Grooves 14C are preferably arranged at decreasing spacing toward the winding center when the electrode assembly is formed, in order to effectively prevent the occurrence of stress distortion in the winding center during the winding. Although negative electrode 1 includes composite 34 in the aforementioned description, the structure of the present embodiment is effective when negative electrode 1 includes as an active material a silicon-containing material capable of storing and emitting at least lithium ions.

Graphite, which is commonly used as a negative electrode active material expands about 20% when charged. Therefore, when the negative electrode active material is packed at high density, it is preferable to form mixture-layer expansion-absorbing grooves 14C at least on mixture layer 12B that is on the inside of current collector 10 when wound and also to optimize the charge current value. As a result, the cycle characteristics are improved. Of course, the same holds true when a mixture of a silicon-containing material and graphite is used as the negative electrode active material.

The following is a description of specific examples of the present embodiment. All these examples describe spiral-wound cylindrical secondary batteries, but the present invention is also applicable to flat batteries, spiral-wound prismatic batteries, and stacked coin shaped batteries.

Example 1 (1) Preparation of Positive Electrode

First, 100 parts by weight of LiNi0.8Cu0.17Al0.03O2 as a positive electrode active material are mixed with 3 parts by weight of acetylene black as a conductive agent and 4 parts by weight of PVDF as a binder. The resulting mixture is uniformly dispersed in a solvent of N-methylpyrrolidone (NMP) so as to prepare a paste.

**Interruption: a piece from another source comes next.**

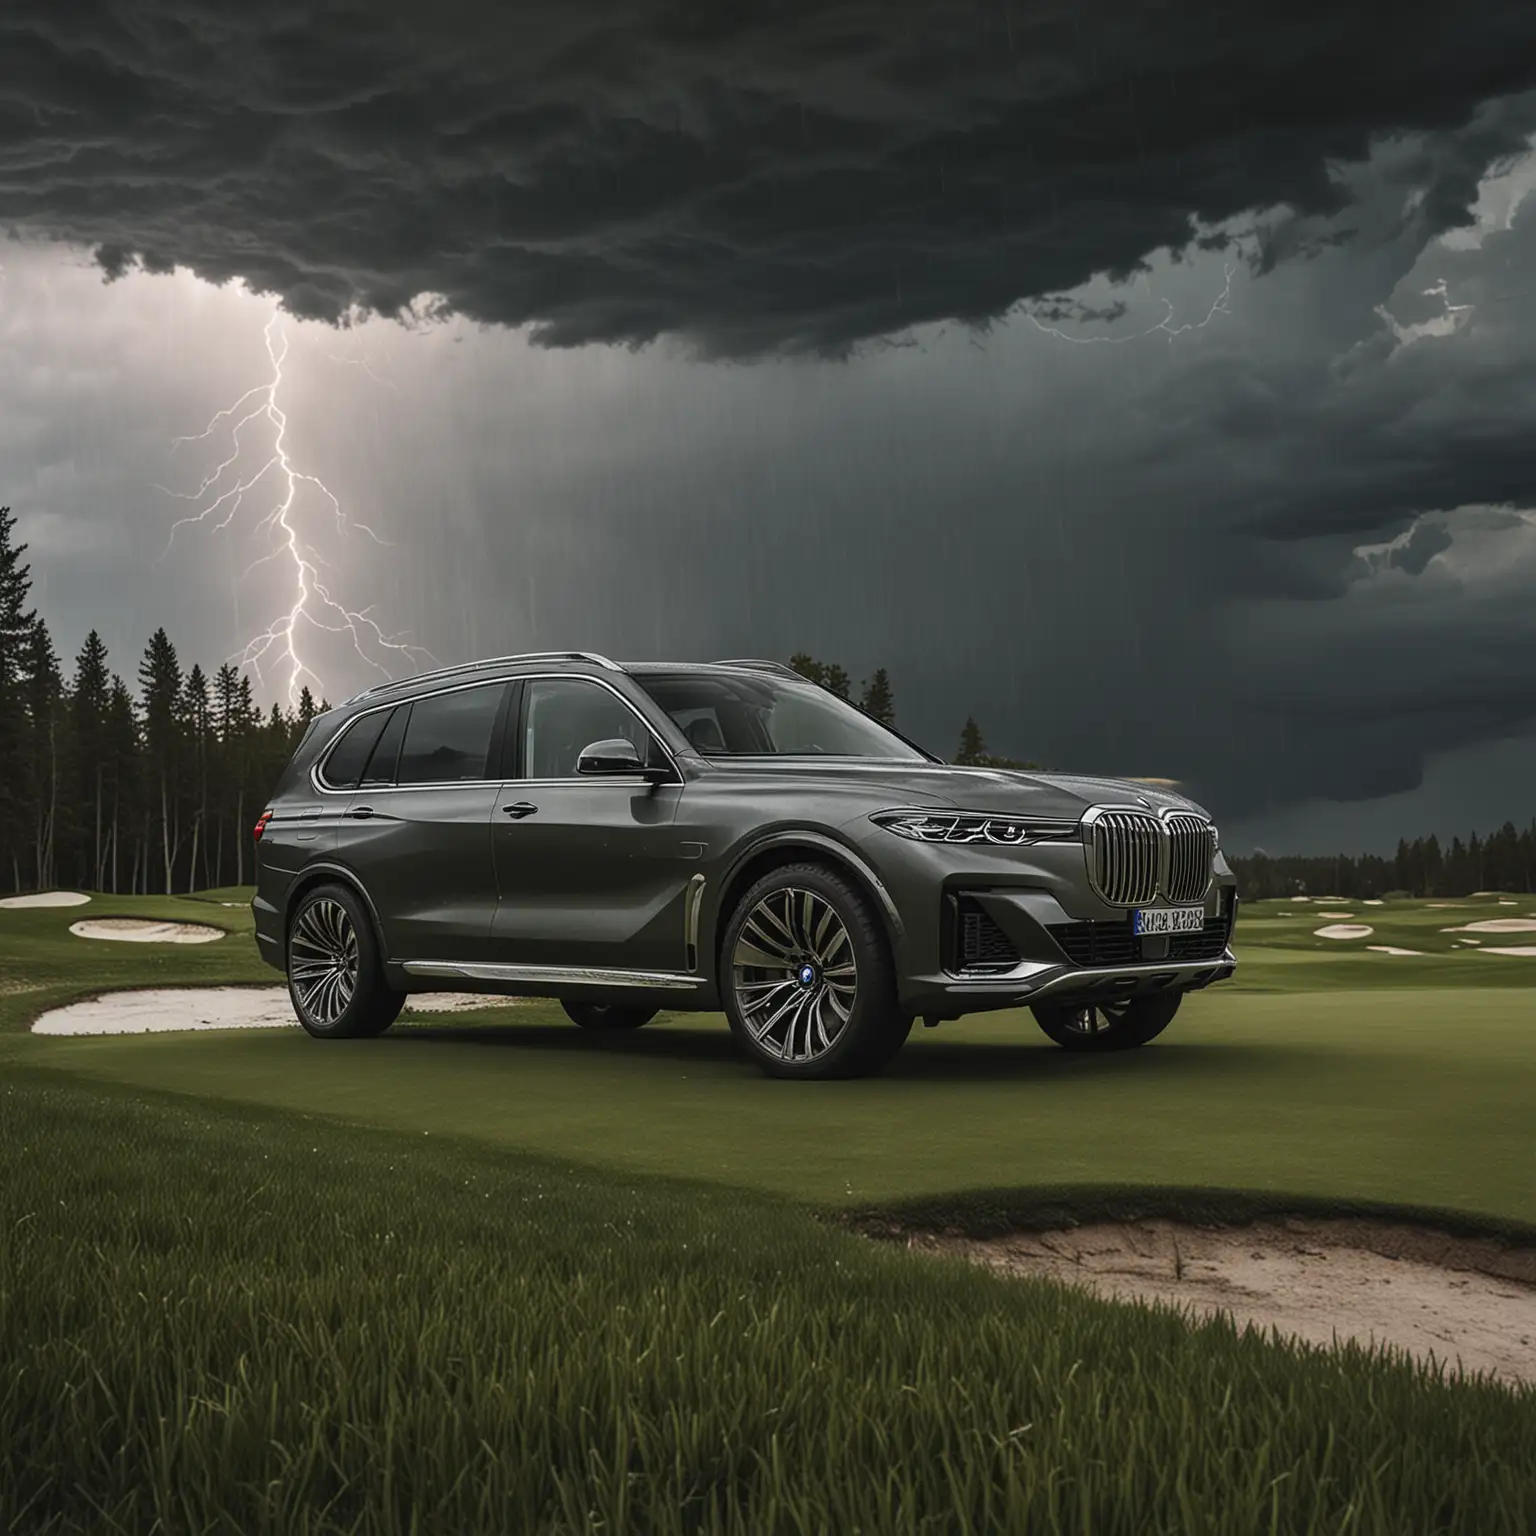 BMW X7 on a golf course with thunderstorm
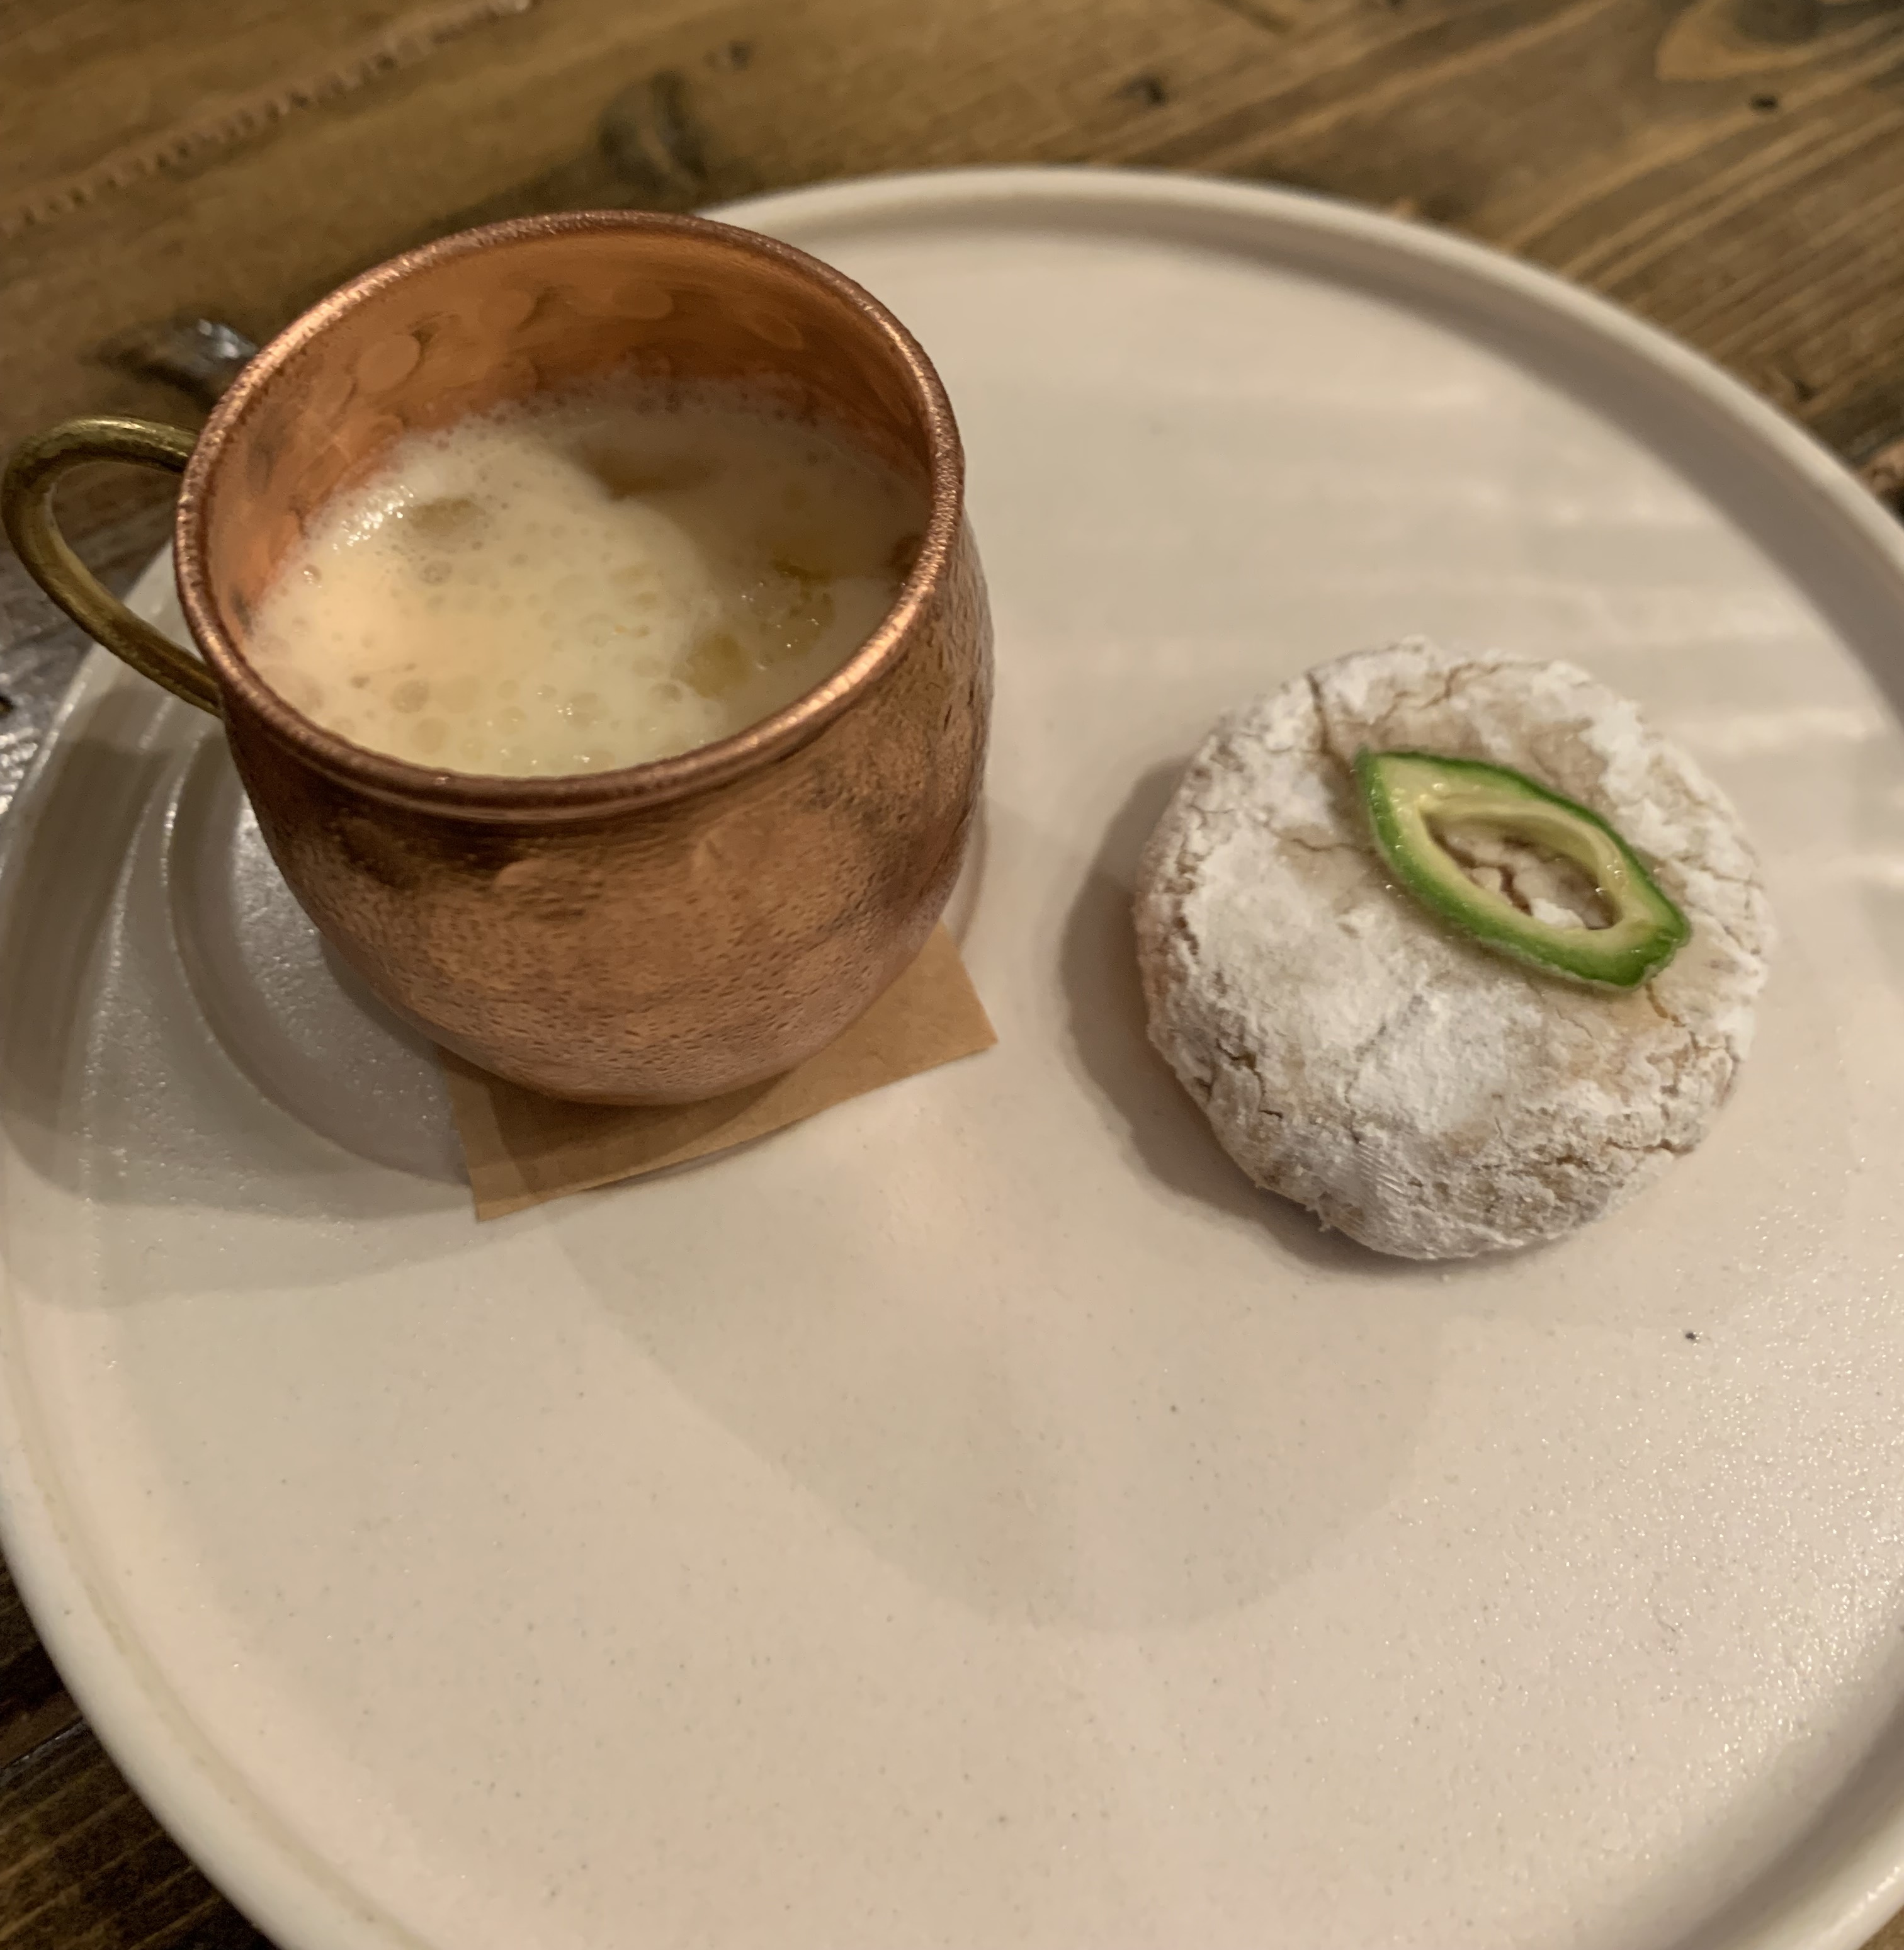 A plate with a tiny, hammered-copper cup with an orange-tinted milk and tiny ice cubes. Next to it is a cookie covered in white powder, with a single slice of a green almond on top.

The paste is applied to a 15 μm-thick aluminum (Al) foil and roll-pressed to form mixture layers each having a density of 3.5 g/cc and a thickness of 160 μm on the foil. This is cut into a width of 57 mm and a length of 600 mm so as to complete positive electrode 2. Positive electrode 2 is provided in a position on its inner side with a 30 mm exposed portion to which an aluminum positive electrode lead is welded. The position of positive electrode 2 does not face negative electrode 1.

(2) Preparation of Negative Electrode

As silicon-containing particle 35 capable of storing and emitting lithium ions, silicon oxide (SiO1.01) is used. The silicon oxide has an O/Si molar ratio of 1.01 when it is pulverized to a particle diameter of 10 μm or less.

In order to bond the catalytic element to the surface of the silicon oxide particle, a solution in which 1 g of iron nitrate nonahydrate (special grade) is dissolved in 100 g of ion-exchanged water is used. The molar ratio of the silicon oxide particles is measured by gravimetric analysis according to JIS Z2613. The mixture of the silicon oxide particles and the iron nitrate solution is stirred for one hour and dehydrated with an evaporator. As a result, iron nitrate having a particle diameter of 1 nm to 1000 nm is supported in a highly and uniformly dispersed state in the surfaces of the silicon oxide particles.

Next, silicon-containing particles 35 thus supporting the iron nitrate are placed in a ceramic reaction vessel and heated to 500° C. in the presence of helium gas. Then, the helium gas is replaced by a mixture gas consisting of hydrogen gas and carbon monoxide gas in a volume ratio of 50:50 and kept for one hour at 500° C. As a result, the iron nitrate is reduced, and CNFs 36 each having a fiber diameter of about 80 nm and a fiber length of about 50 μm are grown in the form of a plate on the surfaces of the silicon-containing particles.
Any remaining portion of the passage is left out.